There have been very few players who have come through the IMG Academy who have had as much talent as Kei Nishikori. He’s a wonderful shot-maker, has great hands, sees the ball quicker than almost anyone and moves beautifully. This guy could make a ballet dancer look leaden-footed with the way he flies around the court.

However, the brutal truth in today’s game is that men with Kei’s physique nearly always struggle. Kei is only 5ft 10in tall, weighs only 165lb (less than 12 stone) and has to work so hard against the bigger guys.

Roberto Bautista Agut, who won in four sets to reach the fourth round, is not exactly a giant, but I think the cumulative effect of the effort that Kei has to make to keep up with his rivals takes its toll on him. He has had a succession of injuries and his fragility means that he struggles to maintain a high level through a whole tournament, especially at Grand Slam level.

Kei’s physical disadvantages are best illustrated by his serve, which just isn’t big enough. Most of the top players know that on their first serves in particular the return is going to enable them to hit a big forehand on the third shot in three-quarters of the rallies. Kei just can’t rely on that.

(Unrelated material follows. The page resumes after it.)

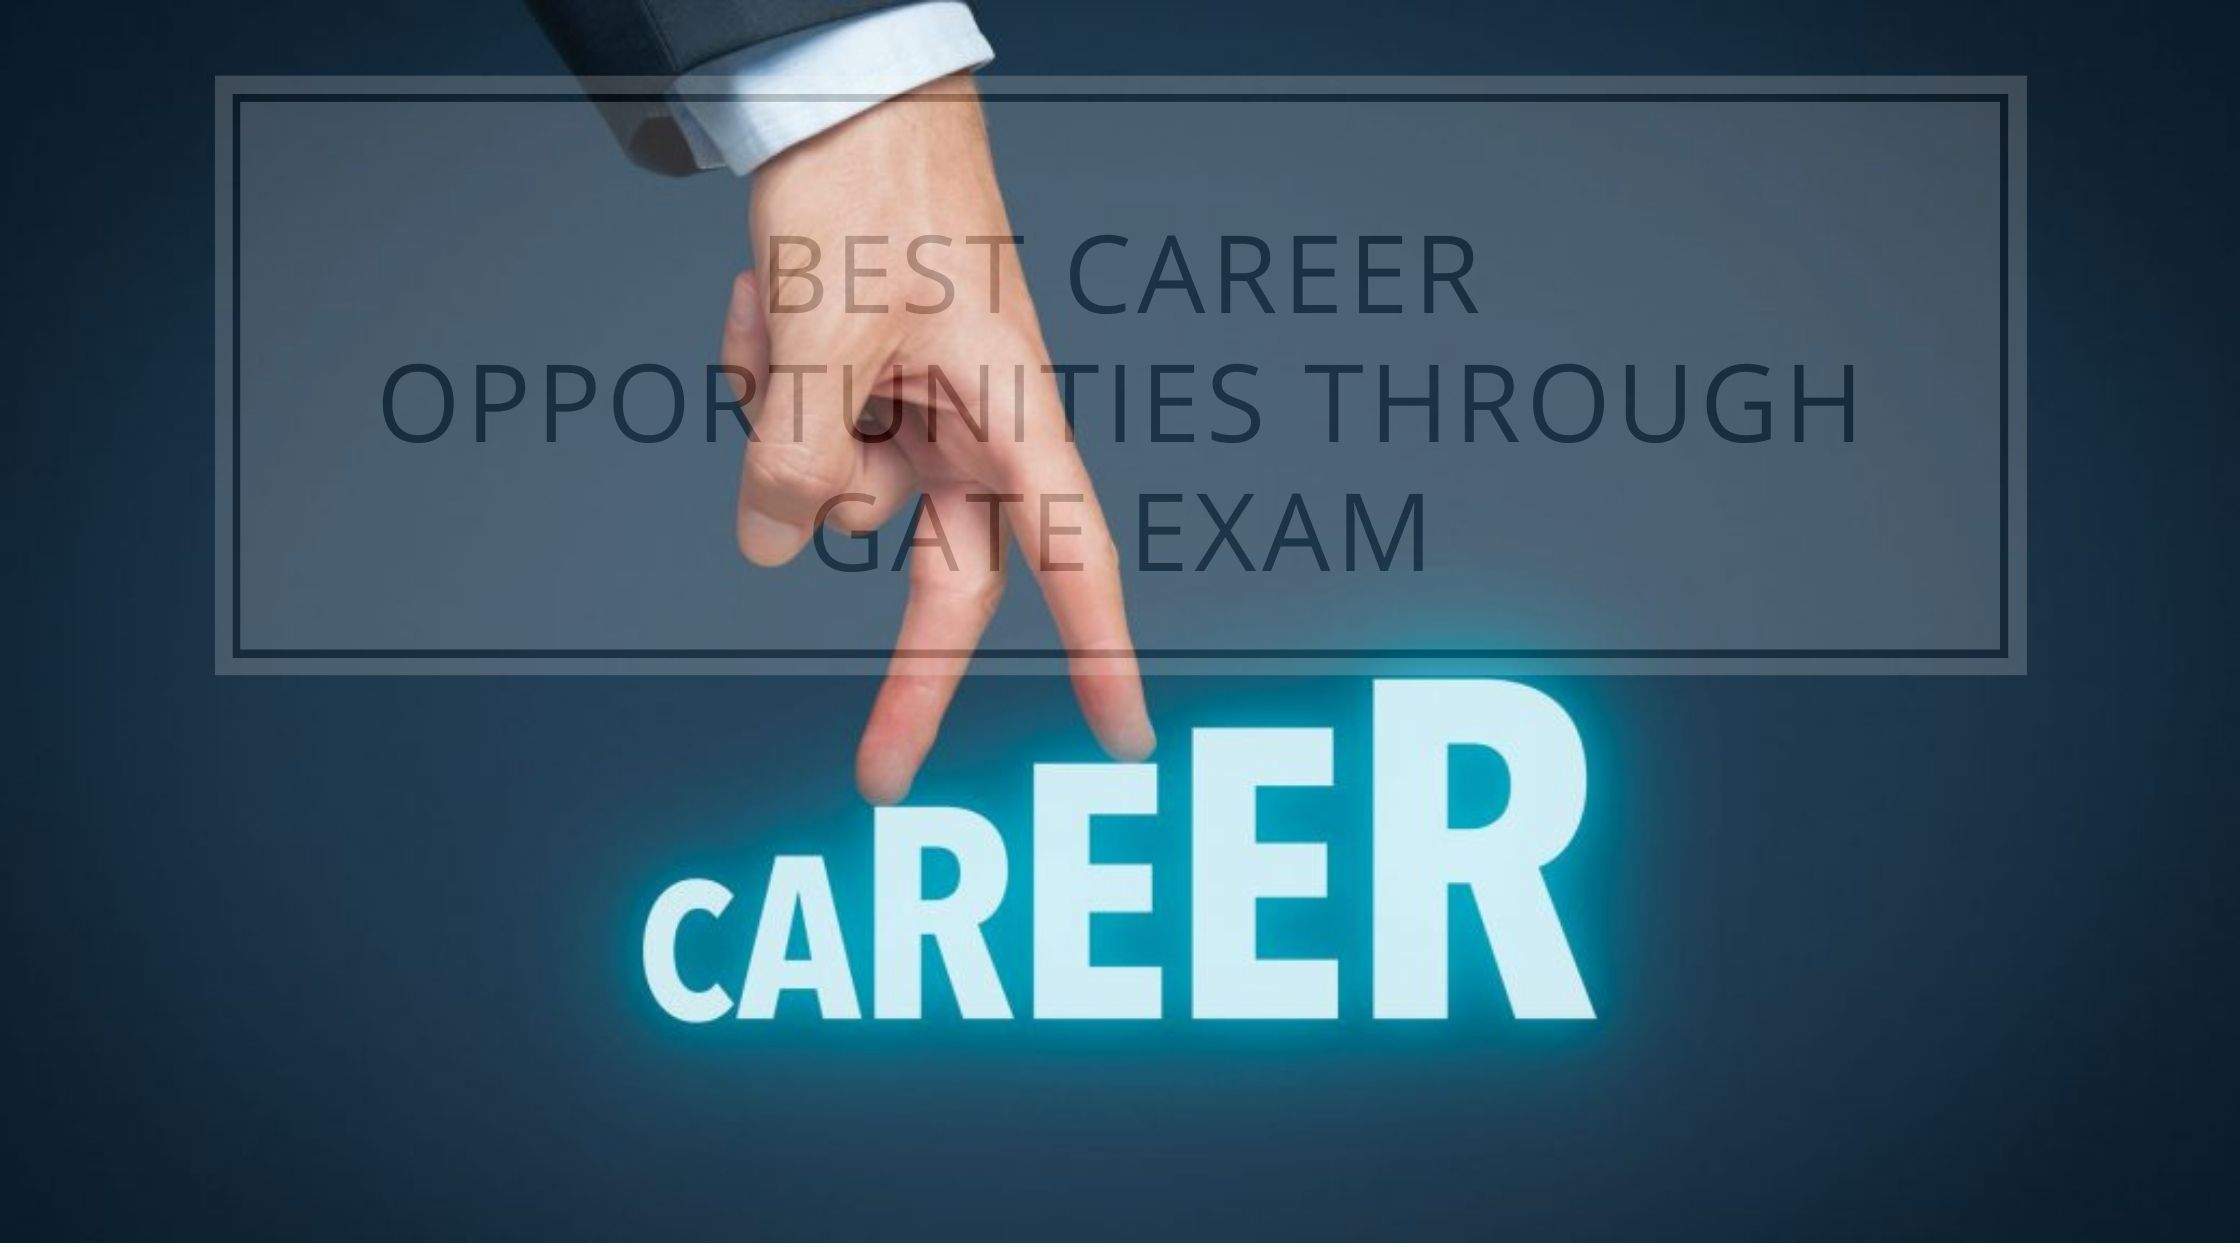 Best Career Opportunities through GATE Exam

Mind you, pure strength isn’t everything in the modern game. Karen Khachanov is one of the strongest guys among the new wave of players who are breaking through, but Rafa Nadal saw him off in three sets.

Nadal has played brilliantly so far, but I just wonder how he will cope when he gets stuck into a long match over four or five sets. His next match, against Gilles Muller, could be his toughest test yet.

Saturday’s match of the day

It’s not often that Roger Federer is forced on to the back foot, especially at Wimbledon, but we might see that happen when he takes on Mischa Zverev in the third round. Zverev’s younger brother, Alexander, is a huge talent, but Mischa can be a danger too, as he showed when he beat Andy Murray in the Australian Open earlier this year.

Mischa loves to play serve-and-volley and I’m sure he’ll be charging forward against Federer. The more the points are played from the back of the court, the more it will favour Federer.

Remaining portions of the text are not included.